General Abdul Rahman Rahimi, the Kabul city police chief, said that a Pakistani-born Australian woman was abducted on Saturday night, with reports suggesting the attackers were carrying AK47-style assault weapons.

Rahimi added that she was with her driver while she was taken away by gunmen.

“We have had lots of developments in the abduction case … but right now I can’t share it with the media,” said Rahimi.

Another police official with the Kabul police chief’s office, speaking on condition of anonymity in line with regulations, said that she was more than 40 years old and worked for the Agency Coordinating Body for Afghan Relief or ACBAR.

AAP
Afghanistan remains a heavily militarised country. Photo: AAP

ACBAR is an independent body which works closely with 153 national and international aid organisations working in Afghanistan. On its website it says it abides “by the humanitarian principles of independence, neutrality, impartiality and humanity”.
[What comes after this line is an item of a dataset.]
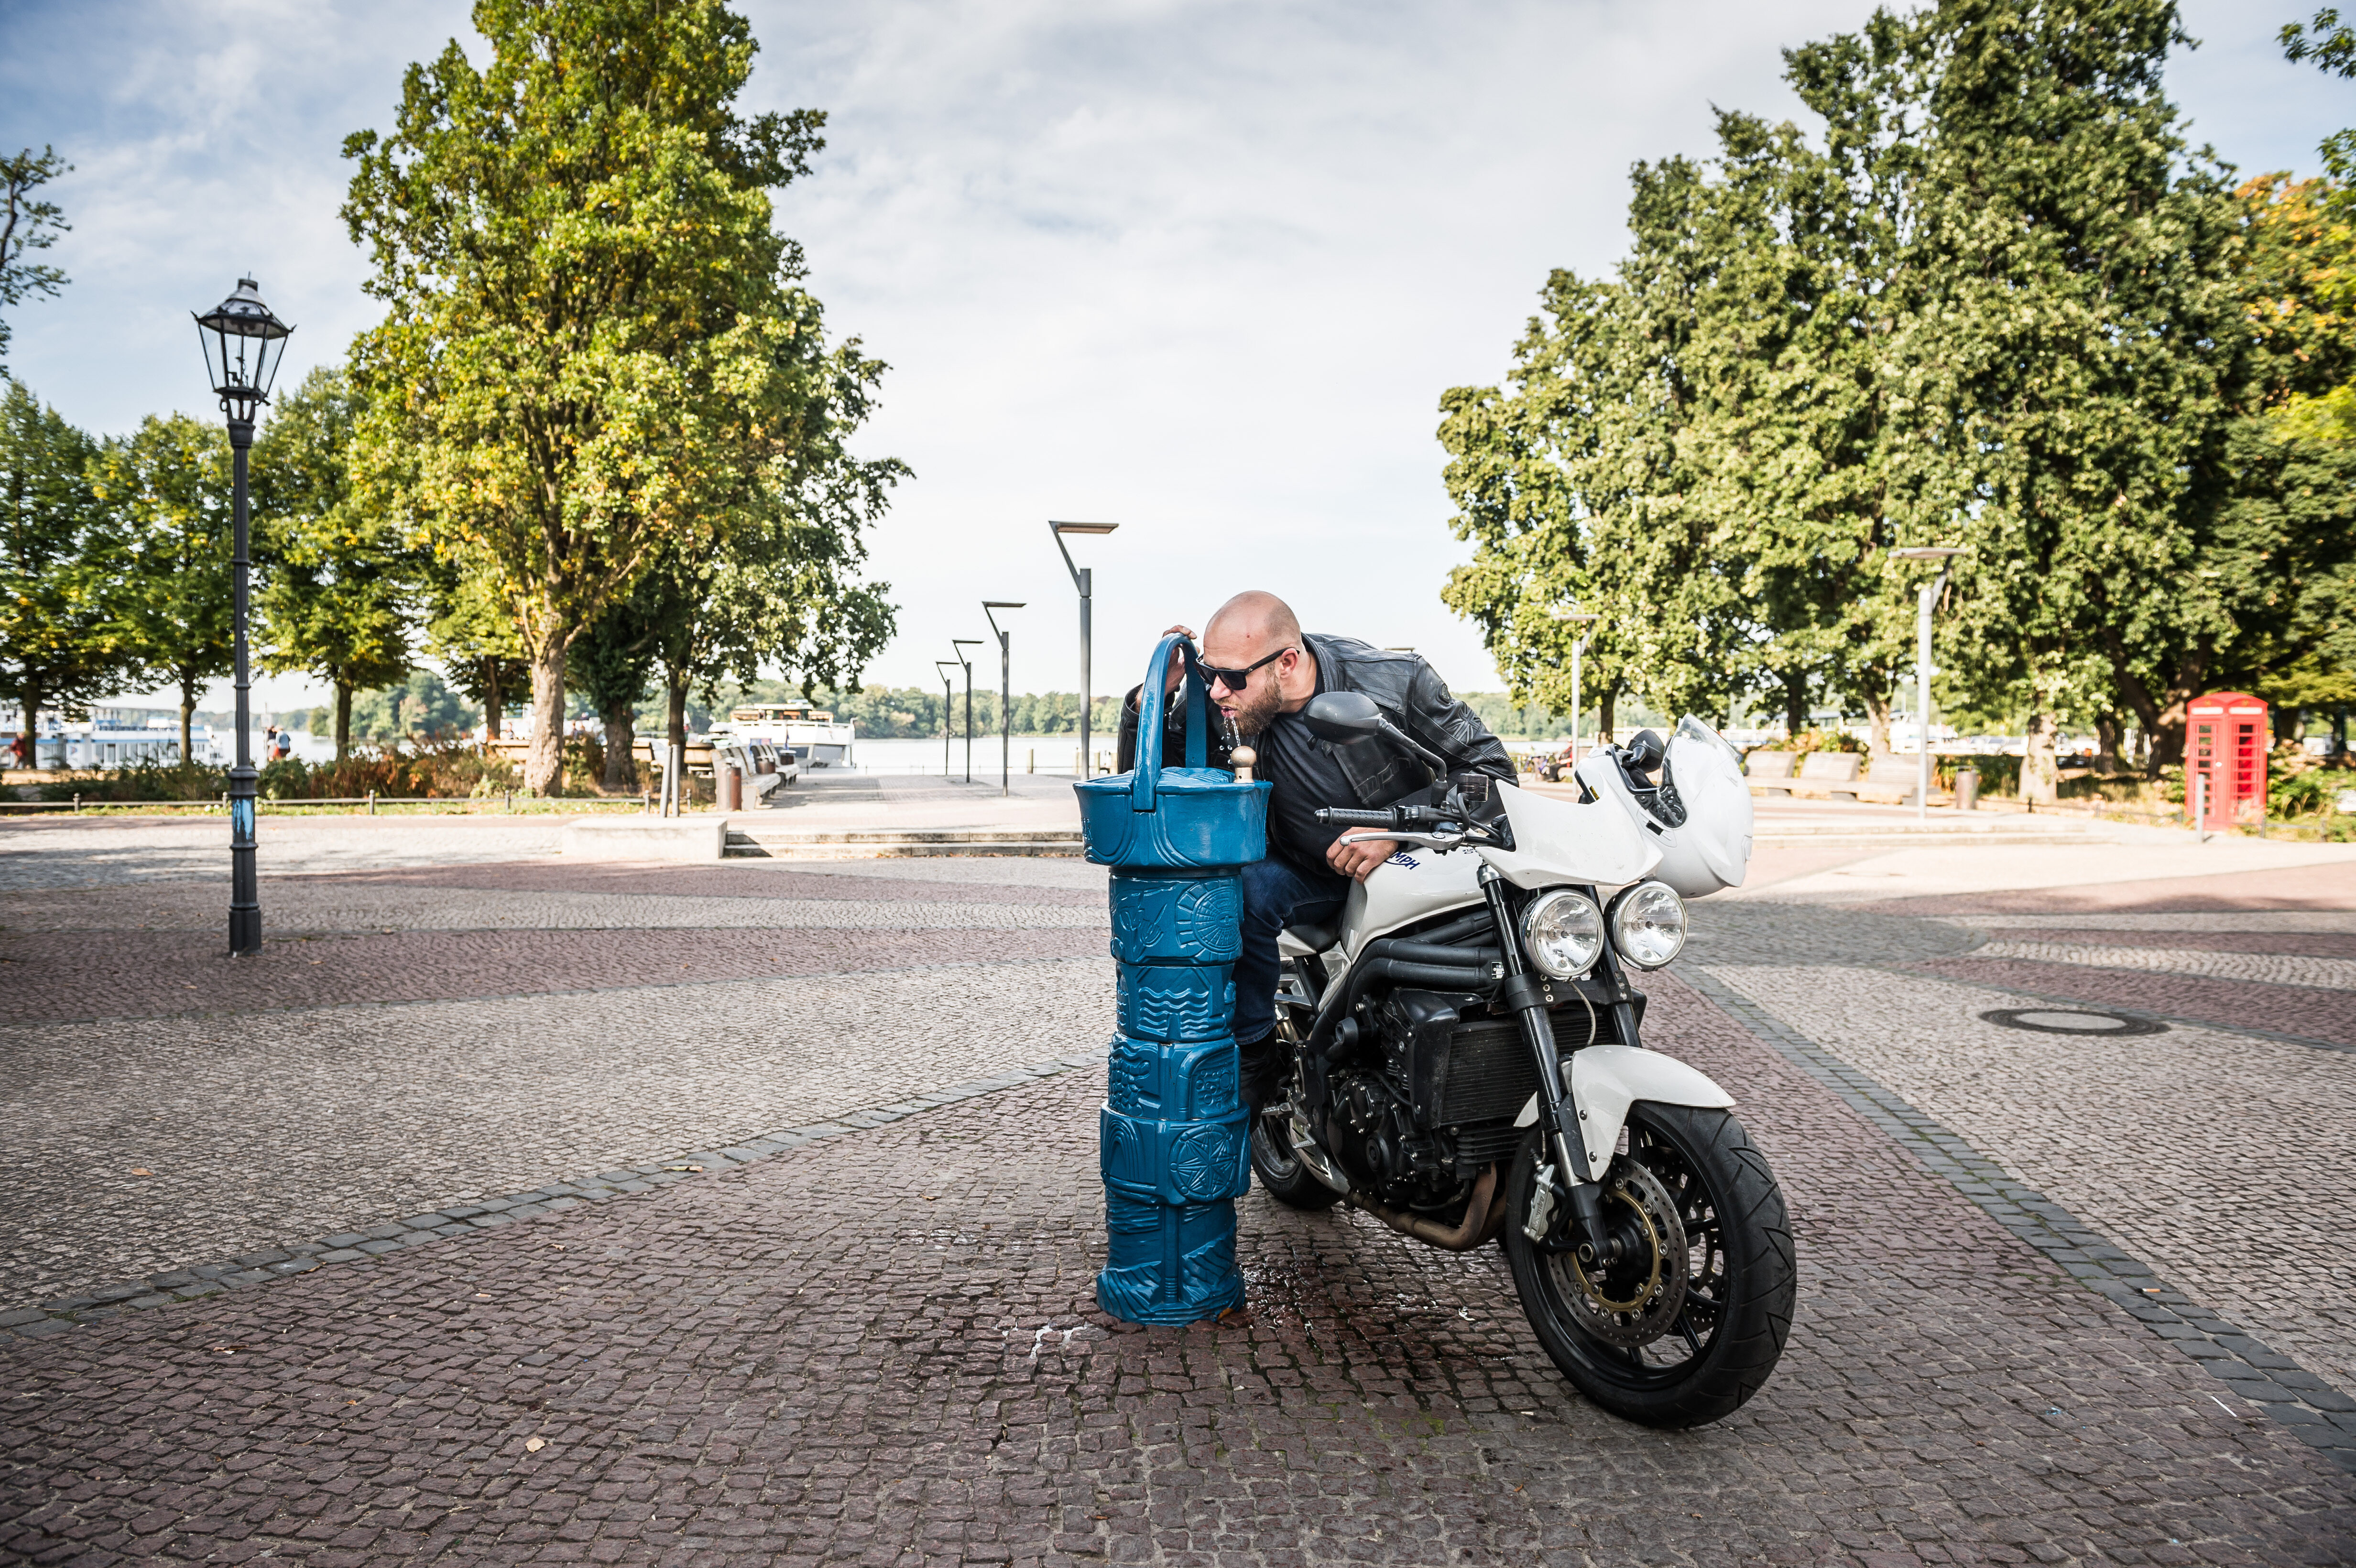 Motorradfahrer hält an einem öffentlichen Trinkwasserbrunnen und trinkt dort aus dem Hahn.

In Australia, the Department of Foreign Affairs and Trade said in a statement, that the embassy was making “urgent inquiries” into the issue.

The statement added: “We continue to advise Australians not to travel to Afghanistan because of the extremely dangerous security situation, including the serious threat of kidnapping.”

In April, another Australian female aid worker was kidnapped in eastern Nangarhar province; she was released in August after nearly four months in captivity.

Kidnapping has long been a major problem in Afghanistan, affecting Afghans more often than foreigners, with ransom often the motive.

However, there have been several abductions of foreign aid workers, including at least two Australians this year alone.

Kerry Jane Wilson, who was abducted from the office of a charity in the eastern city of Jalalabad in April, was freed in August.

Another Australian, working as a teacher at the American University in Kabul, was kidnapped with an American colleague in August.